CS 194-26 Final Projects

Kyle Hua, CS194-26-AGX

For the final project, I chose to complete Light Field Camera and Augmented Reality.

Light Field Camera

This project focused on using extra information captured (the lightfield) to allow us to manipulate the images focus and aperature after taking the pictures. The images were taken from the Stanford Light Field Archive. They were taken by an array of cameras, in order to mimic a 17x17 sub-aperature in a traditional lightfield camera. As a result, each image has a total of 289 pictures forming a 17x17 grid.

Depth Refocusing

Using the center of the lightfield, the sub-aperature at 8,8, we can place a focus on our image and shift every other image in our grid so that they align with the center. This will result in focused rays. Playing around with the shift by a constant will enable us to focus on different parts of the image; a negative shift focuses areas closer, positive further. The shift more formally can be be computed as :

\Delta(s,t) = C[(u,v) - (8,8)]

While this gives us the general idea of the shift. We need to compute U,V values such that they match the image size and center. The file names already encode this, so there is no need to compute them. We take the U,V at the center and subtract every other images' U,V with it to get our shift.

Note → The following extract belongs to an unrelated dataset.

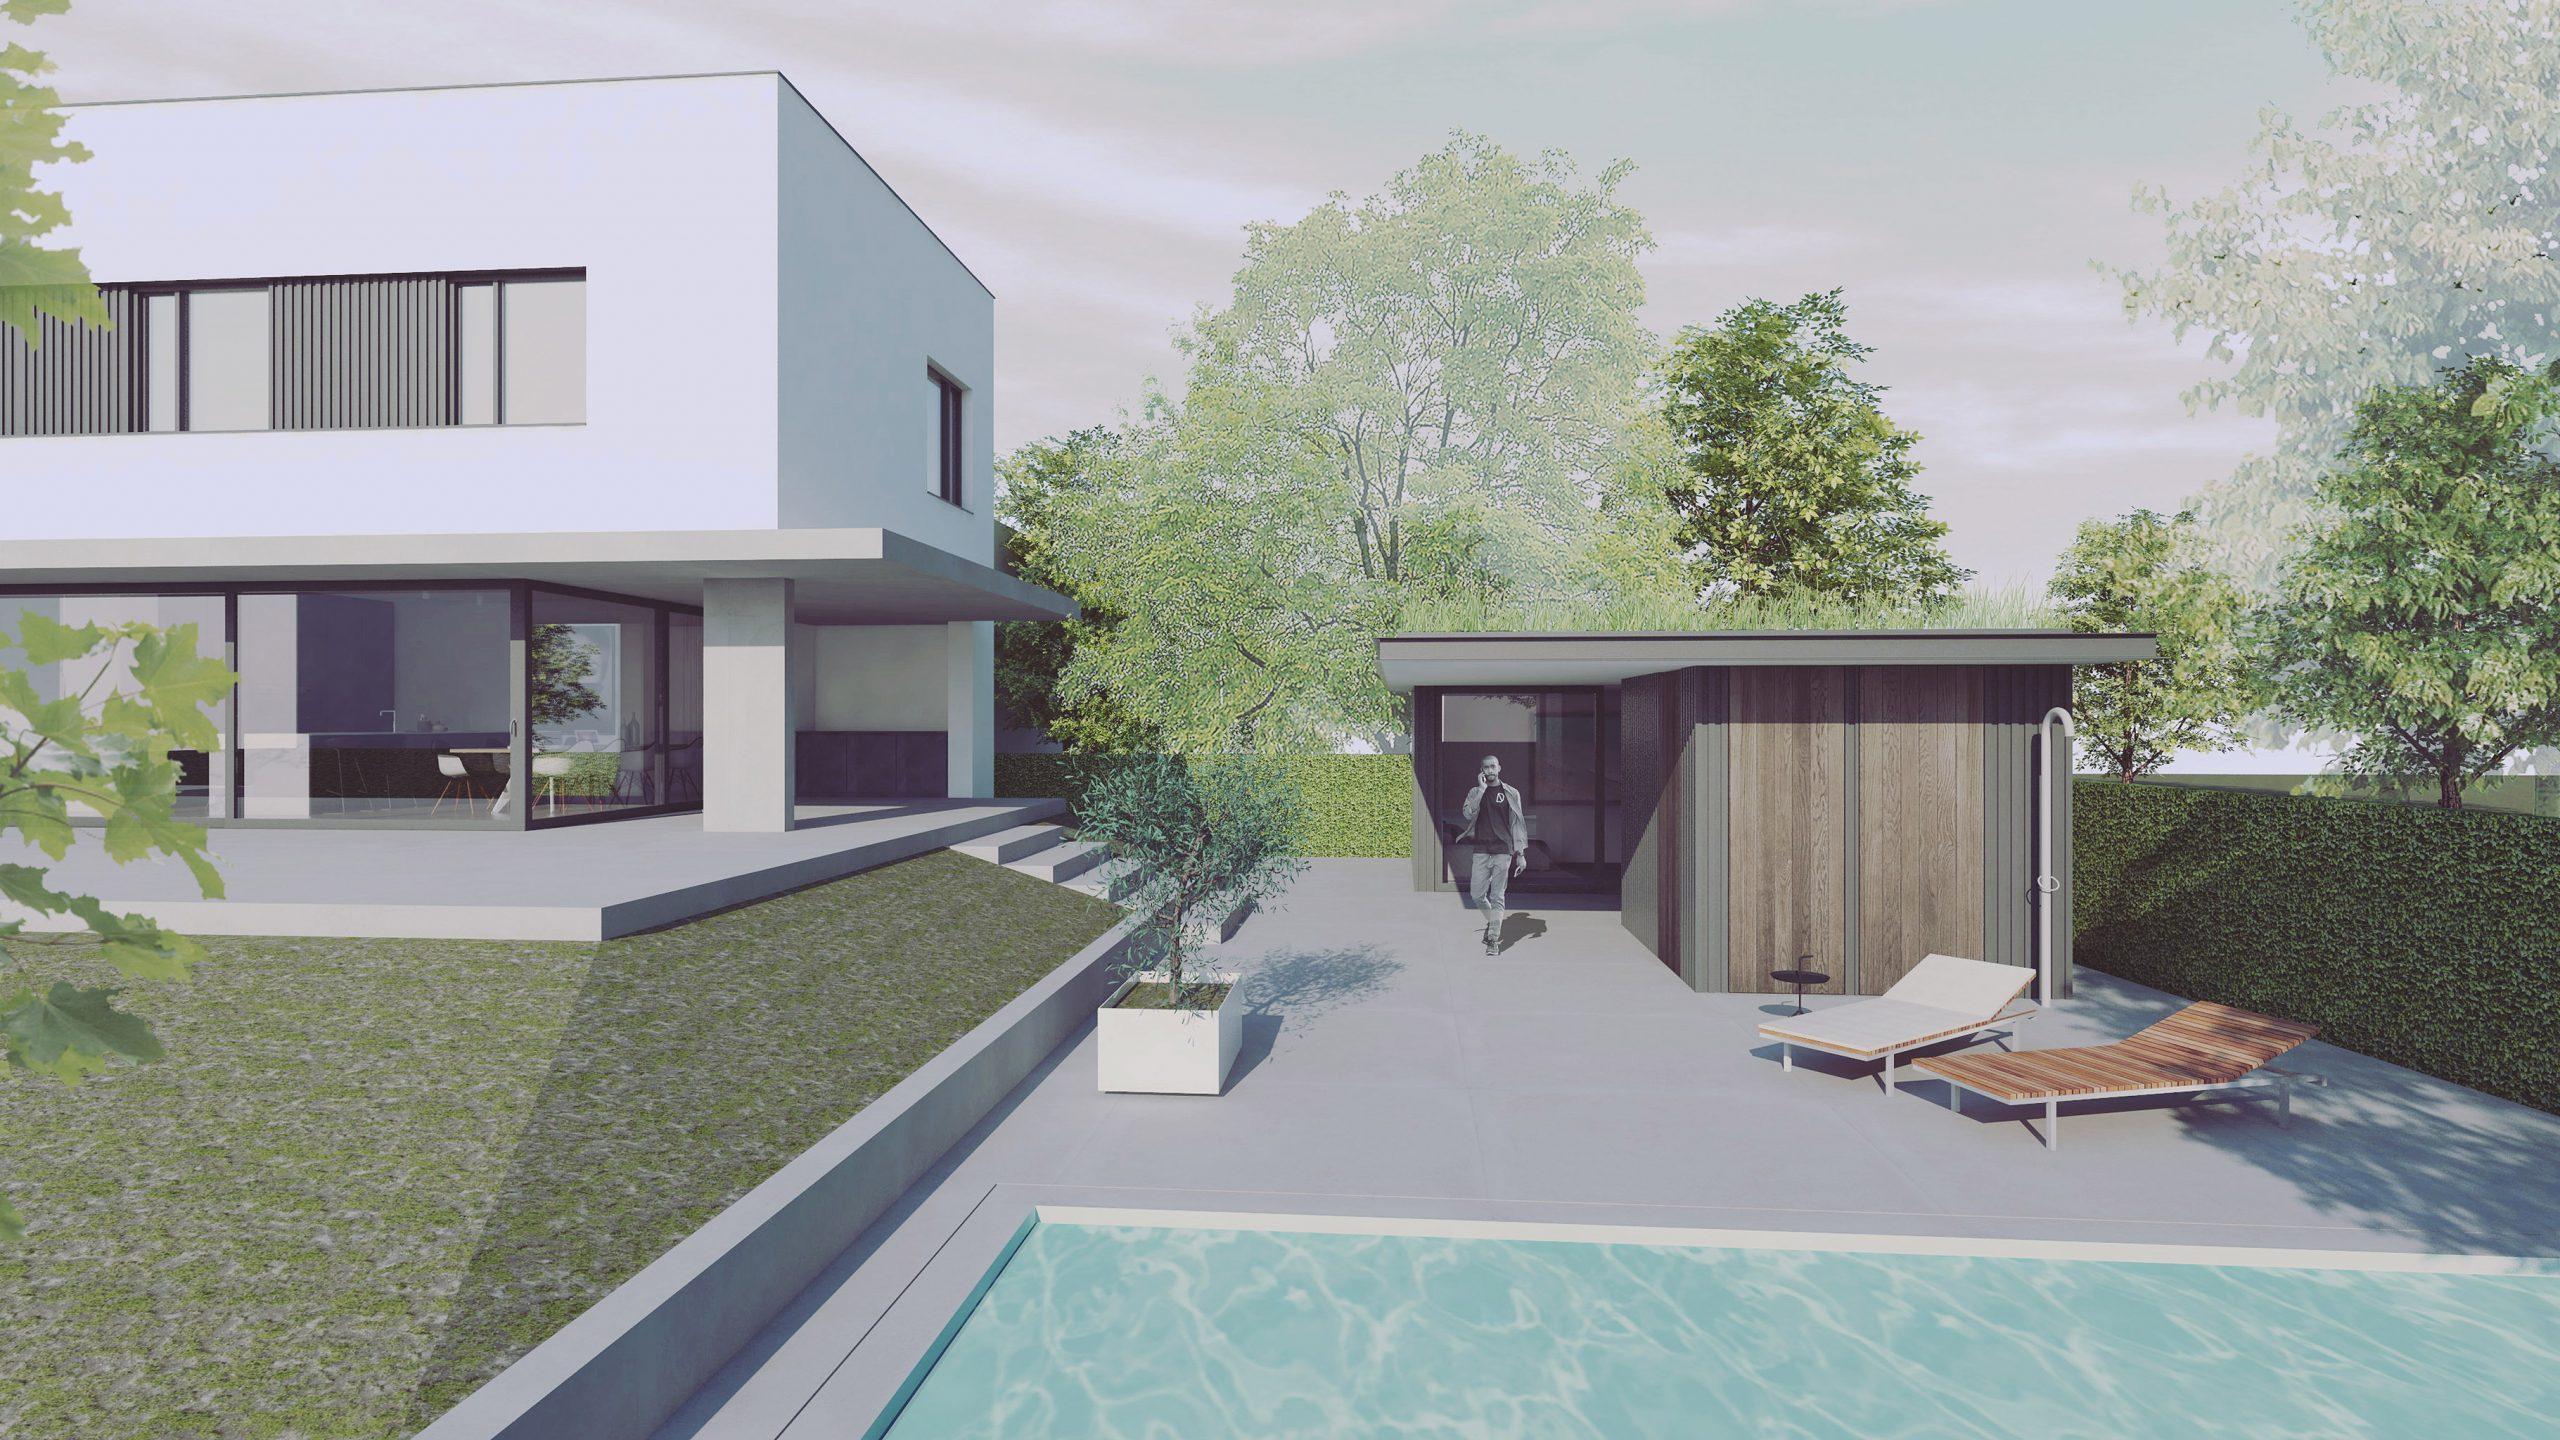 exterieur poolhouse nieuwbouw villa nieuw stalberg venlo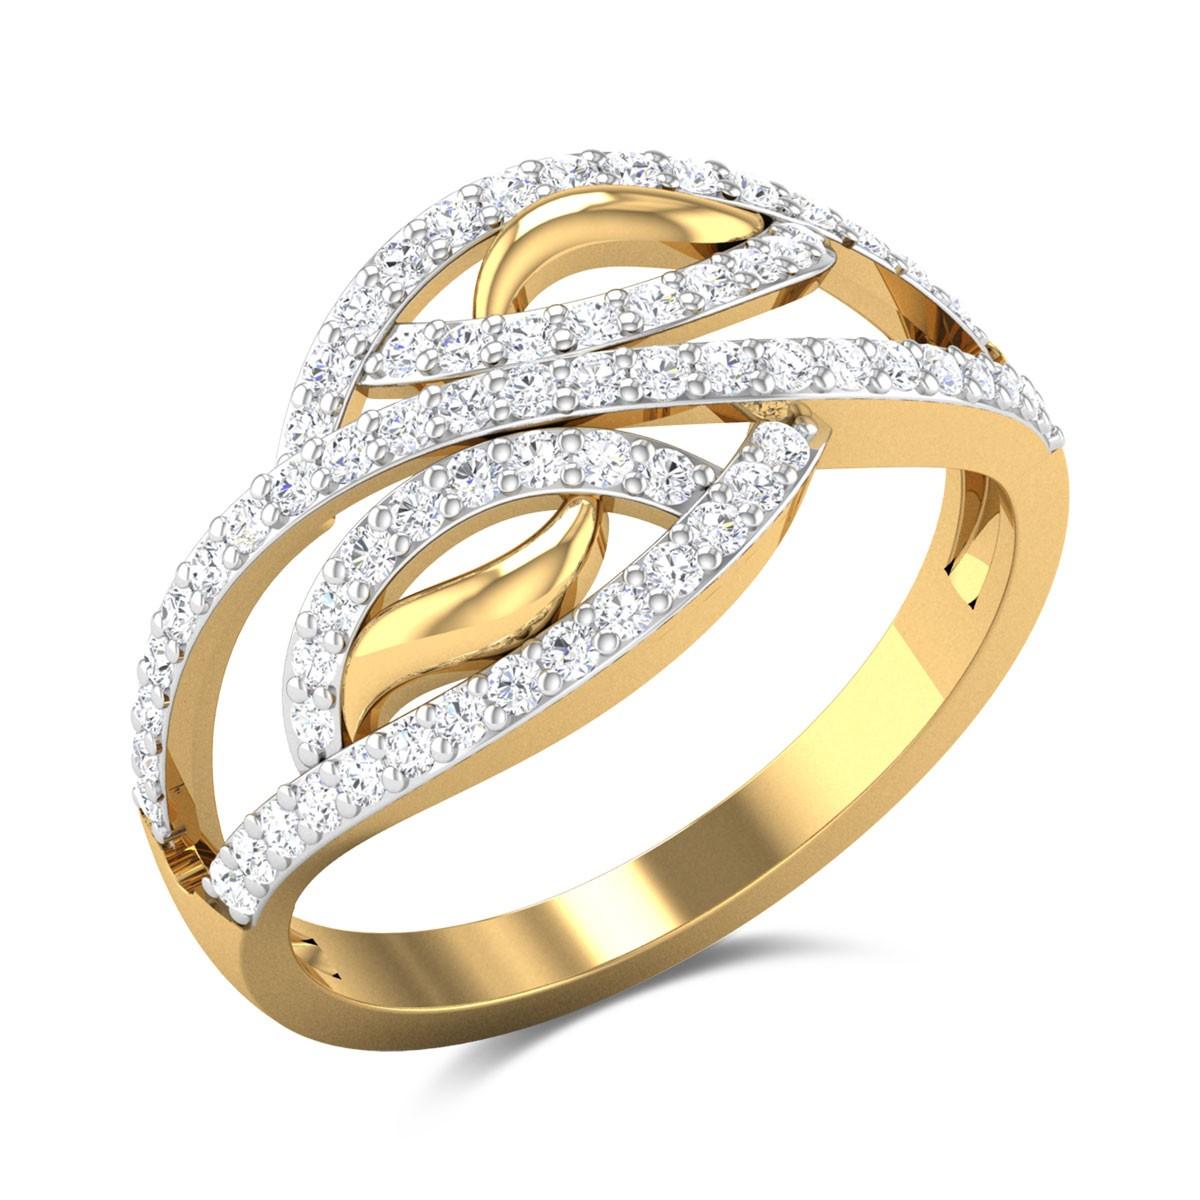 Buy Breauna Diamond Ring in 3 Gms Gold Online

Averaging all the shifted images result in a singular focused image. The animations below show images from C = -.7 to C = .5

Aperture Adjustment

Readjusting the aperture of the images follows a similar manner. Instead of using all the images from all the aperatures, we average over a smaller subset of aperatures. This can be done by taking a radius of sub-aperatures. The animations below are computed from r = 1 to r = 5

Bells and Whistles: Use Your Own Data

For the bells and whistles I captured 25 pictures to form a 5x5 grid of subaperatures. It did not work well as seen in the images below. The subjects of the images are very blurry, regardless. The aperature is abit better since it uses less images. A major cause of this poor quality is the lack of percision between my images. While I have an okay about of data, the images vary too much and as a result the rays have a hard time focusing.

Augmented Reality

In this project, we are trying to insert a synthetic object into a video. The primary idea lays in using 2D points of the frame image and their 3D virtual world counterpart to cpmpute a projection matrix and re compute the points in each new frame.

Setup

I used a printed grid folded into a cube with the intersection of the cube highlighted with a dot. I then labeled the dots on the 2D frame image using plt.ginput and create a list of their corresponding 3D points.

Propogating Keypoints to other Images in the Video

In order to ensure that the points would remain constant throughout all the frames of the video, I used an off self tracker from cv2. Using the MedianFlow tracker, a tracker good for slower videos, I created 10x10 bounding boxes around each point to track them throughout all the frames.

Calibrating the Camera

Now with the 2D points from each of the frames in the video, their 3D counter parts are required in order to draw using the grid. This can be done using least squares.

\begin{bmatrix} wx'\\wy'\\ w\\ \end{bmatrix} = \begin{bmatrix} a & b & c & d\\ e & f & g & h\\ i & j & k & 1 \end{bmatrix} \begin{bmatrix} x\\y\\ z\\ 1 \end{bmatrix}

We have 11 unknowns that we need to solve. Solving this give us our projection matrix needed to compute the new points.

\begin{bmatrix} x & y & z & 1 & 0&0&0&0&-xx'&-yx'&-zx'\\ 0 &0 & 0 & 0 & x&y&z&1&-xy'&-yy'&-zy'\\ \end{bmatrix} \begin{bmatrix} a\\b\\ c\\ d\\e\\f\\g\\h\\i\\j\\k \end{bmatrix} = \begin{bmatrix} x'\\y' \end{bmatrix}

Projecting a cube in the Scene

With the new 3D points per frame, we can then draw a cube on each frame! Here is the finish result. The cube has a bowtie :))